■ **Work to complete**
Below are records; the lines starting at the one with "Pricerunner Plus logo" and ending at the one with "Hãy tận hưởng" must be reproduced exactly, both included. Pictures must not appear.

■ **Records provided**
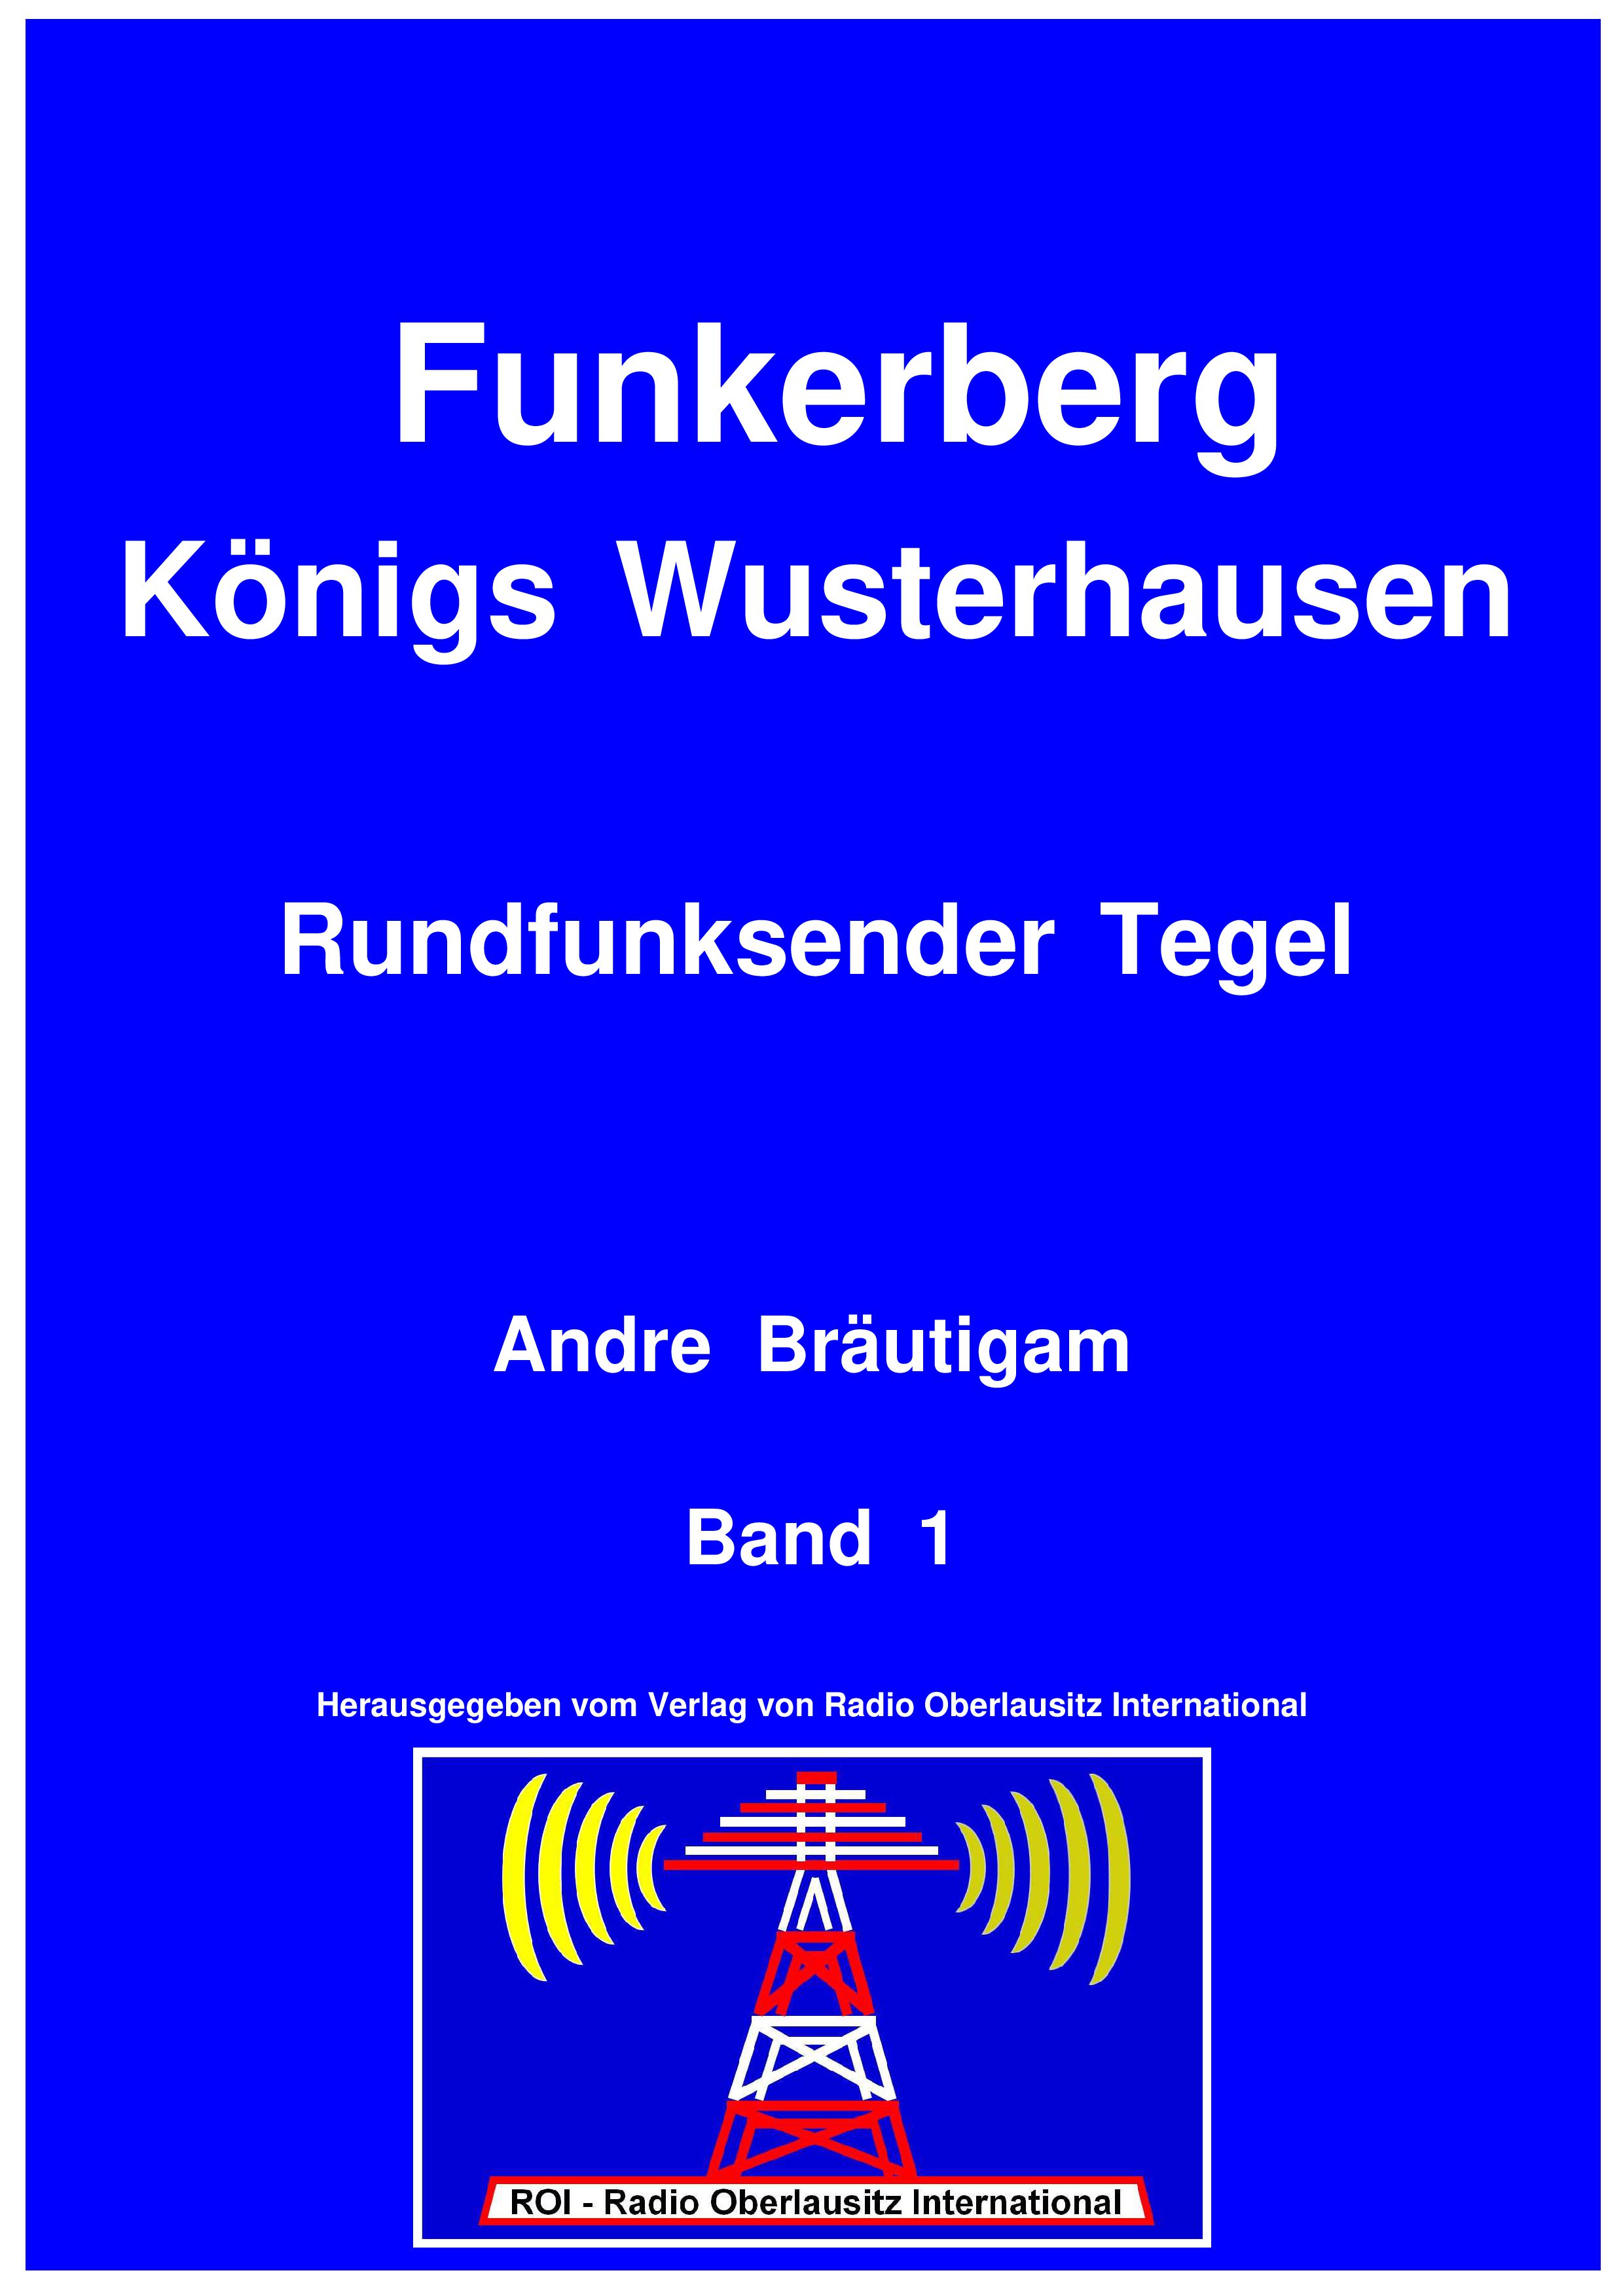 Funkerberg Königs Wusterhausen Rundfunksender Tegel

* * *

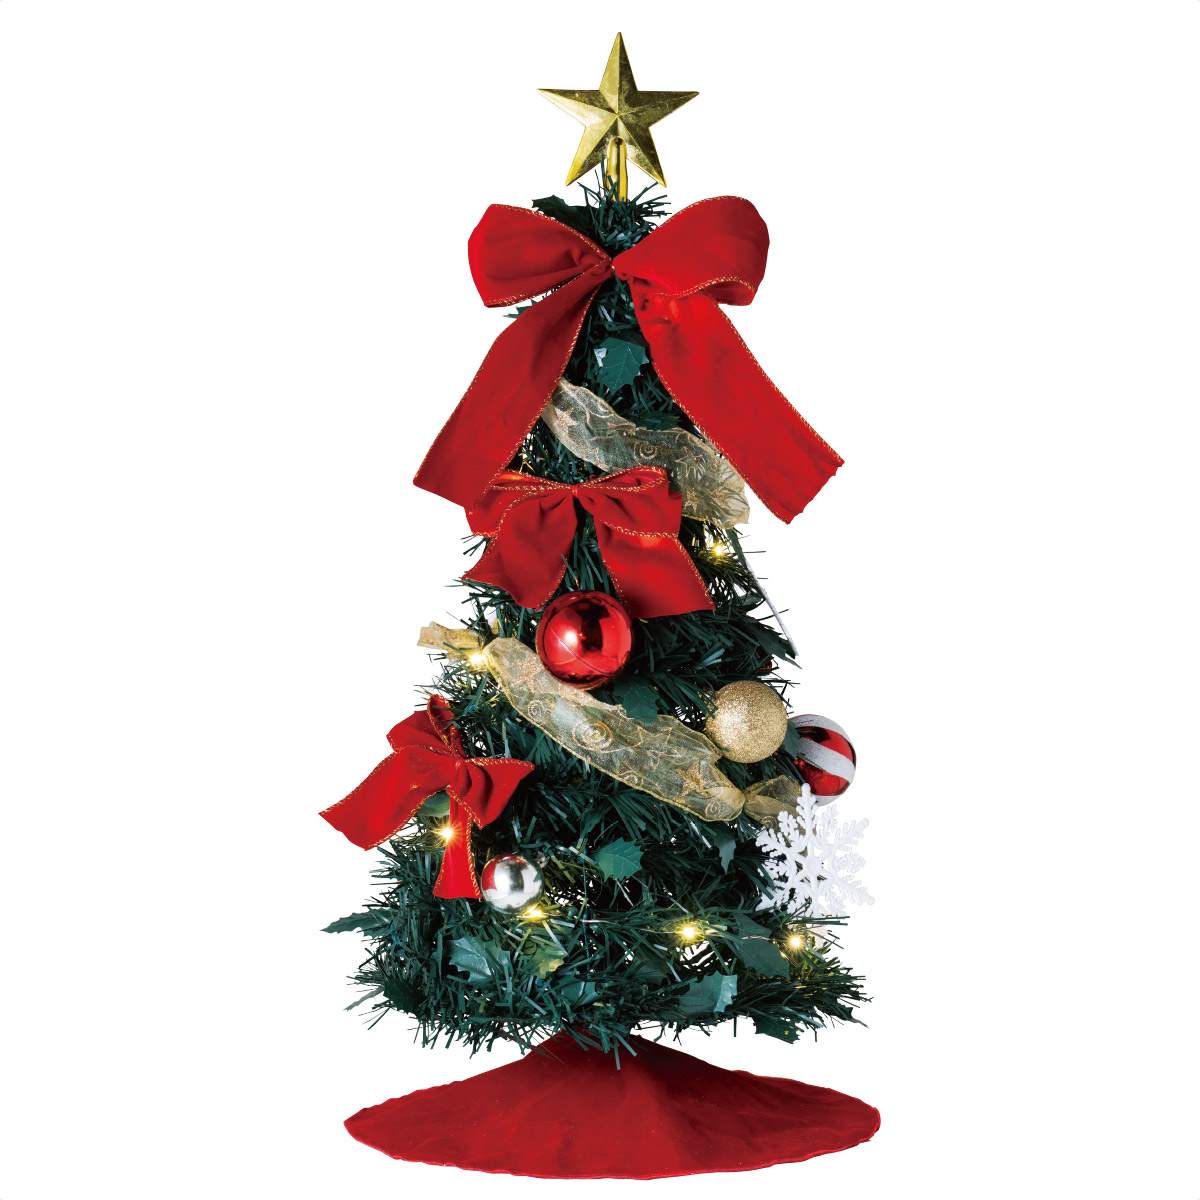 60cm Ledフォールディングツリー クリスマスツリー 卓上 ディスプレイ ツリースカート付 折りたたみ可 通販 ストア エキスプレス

==

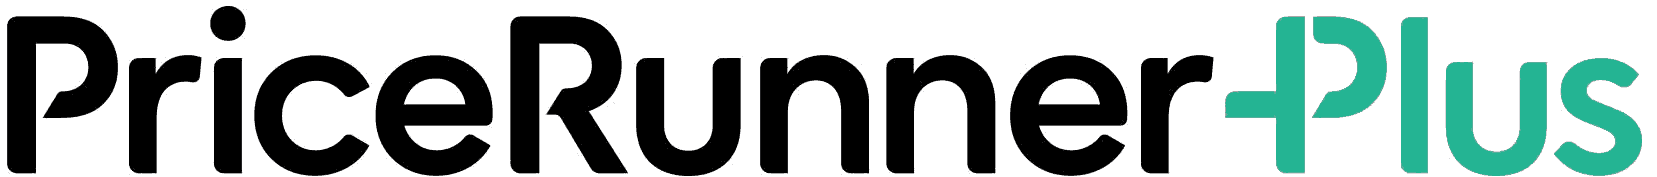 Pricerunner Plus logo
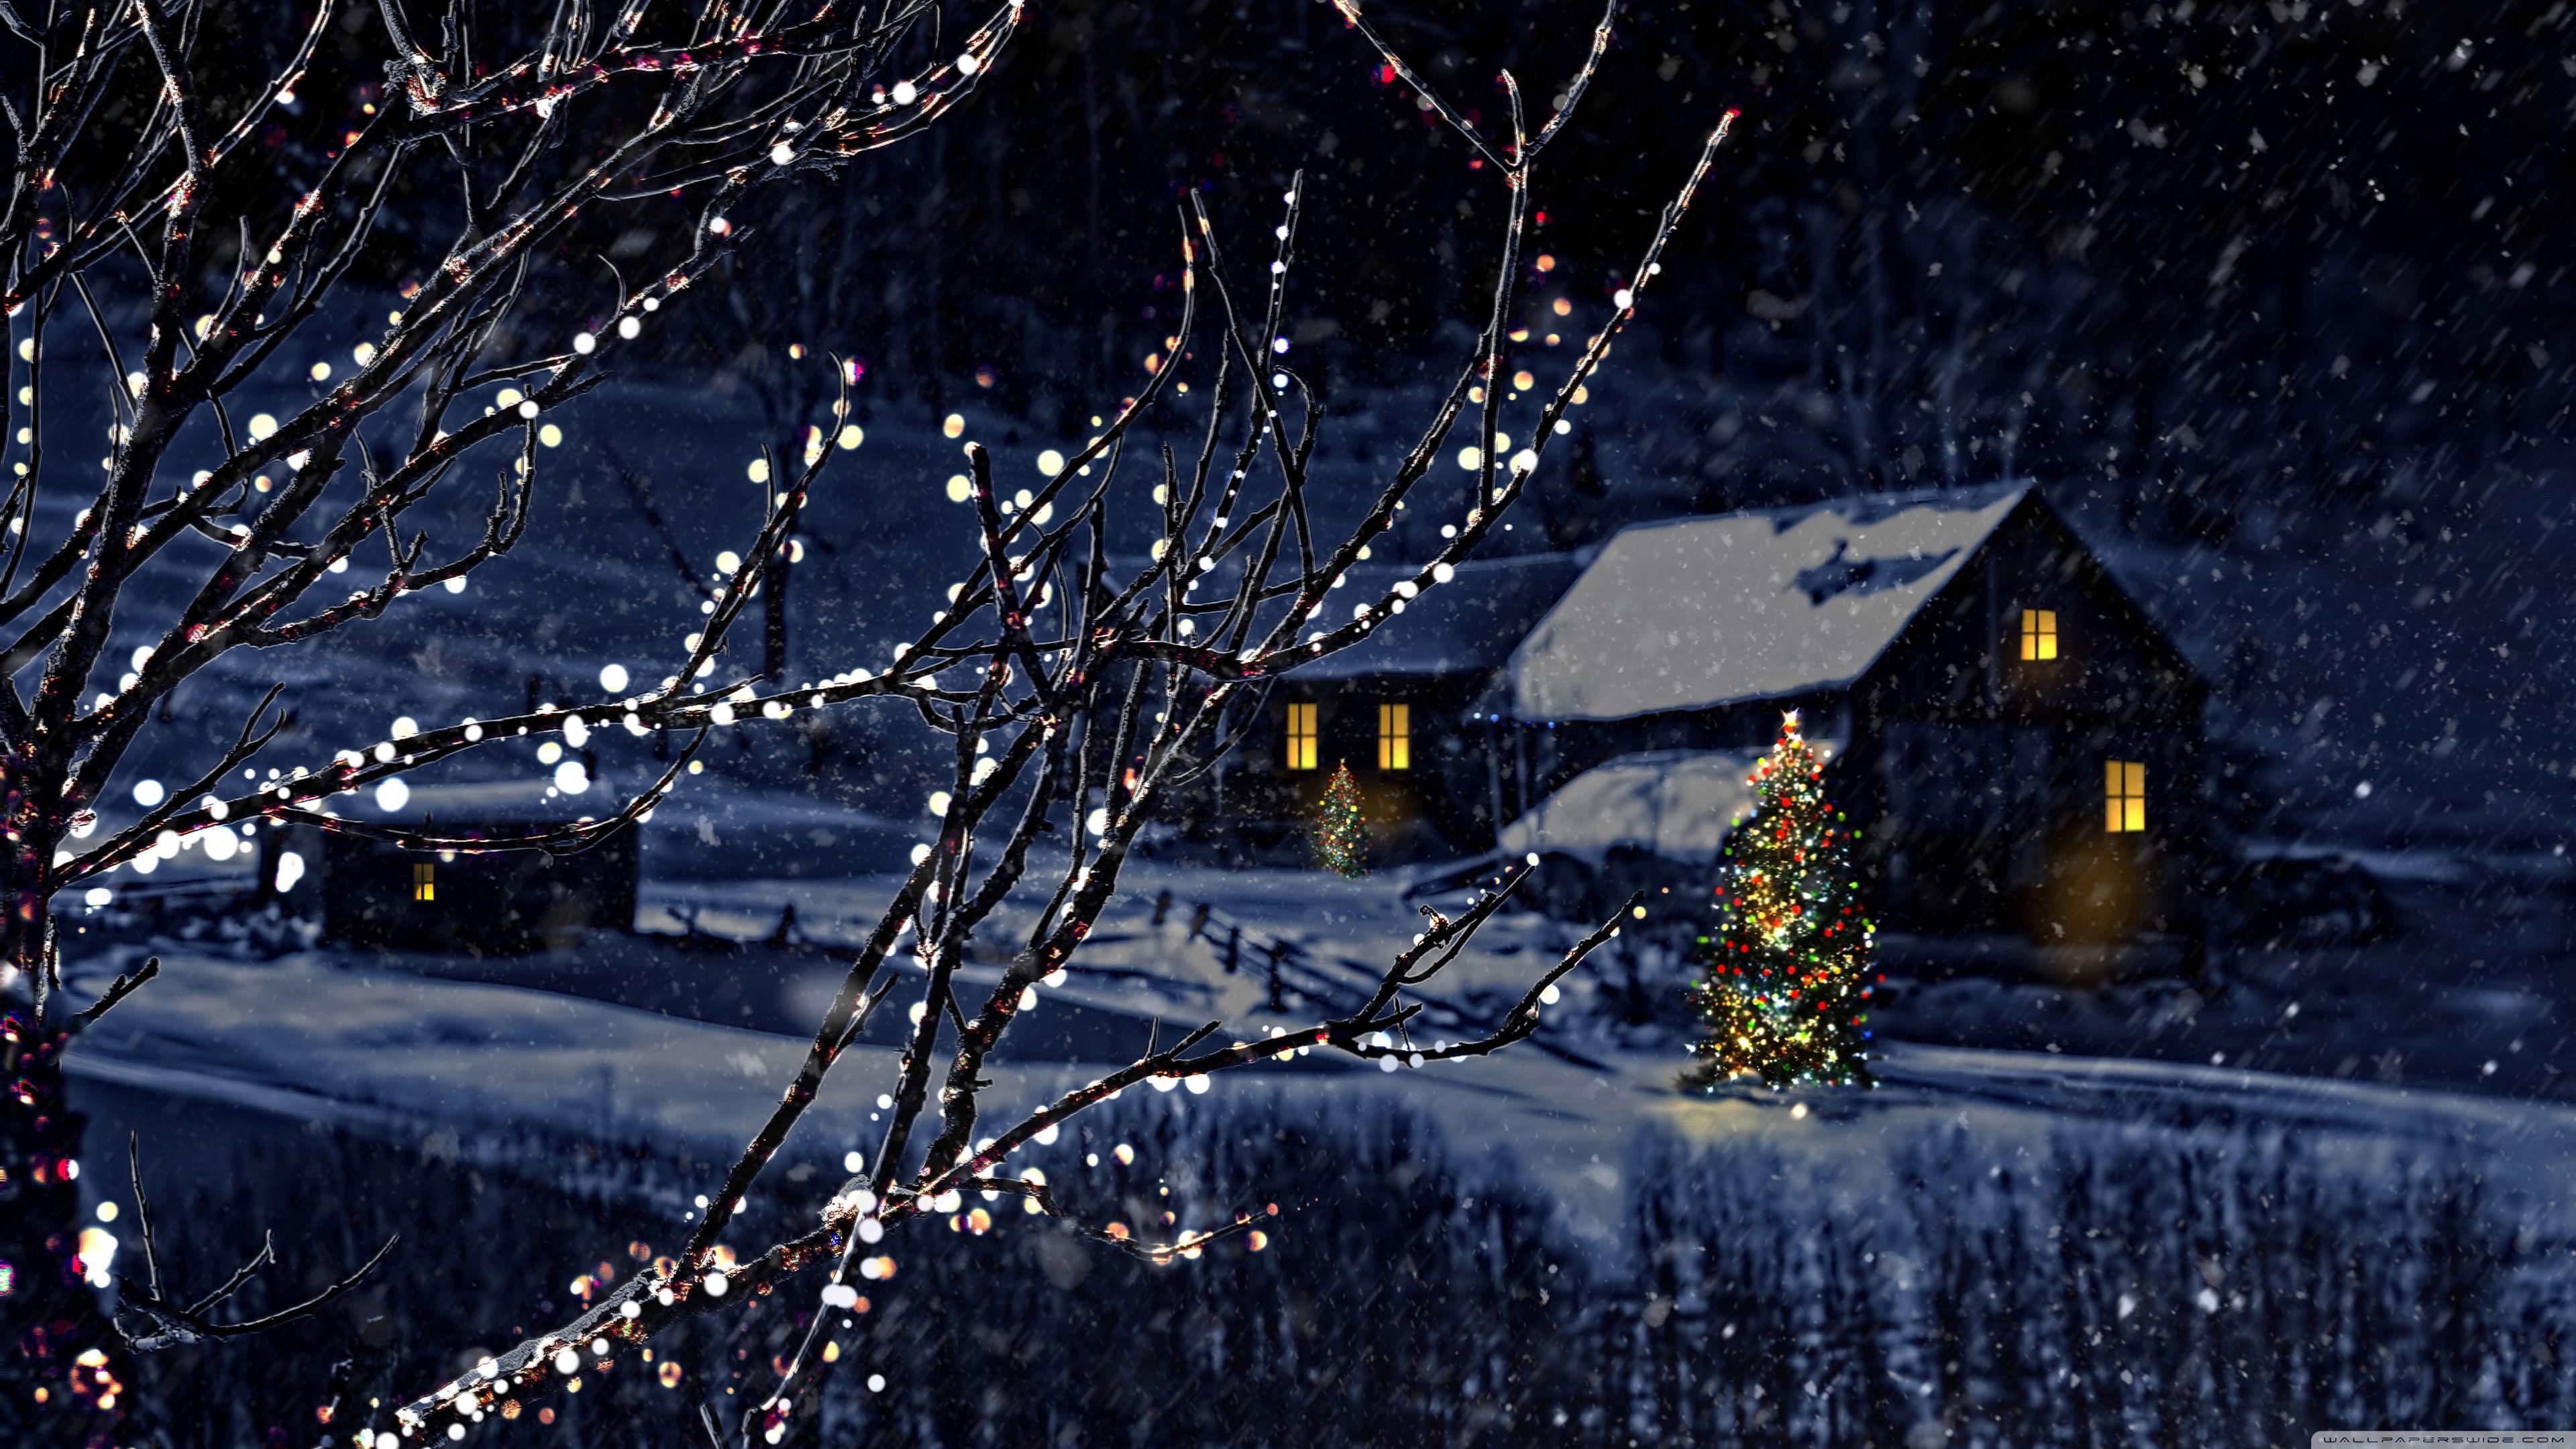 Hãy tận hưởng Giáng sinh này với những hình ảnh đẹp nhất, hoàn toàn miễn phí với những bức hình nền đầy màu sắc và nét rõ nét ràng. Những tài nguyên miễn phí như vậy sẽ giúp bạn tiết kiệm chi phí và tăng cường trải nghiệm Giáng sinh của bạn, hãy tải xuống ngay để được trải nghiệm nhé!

■ **Finished task**
 Pricerunner Plus logo
 Hãy tận hưởng Giáng sinh này với những hình ảnh đẹp nhất, hoàn toàn miễn phí với những bức hình nền đầy màu sắc và nét rõ nét ràng. Những tài nguyên miễn phí như vậy sẽ giúp bạn tiết kiệm chi phí và tăng cường trải nghiệm Giáng sinh của bạn, hãy tải xuống ngay để được trải nghiệm nhé!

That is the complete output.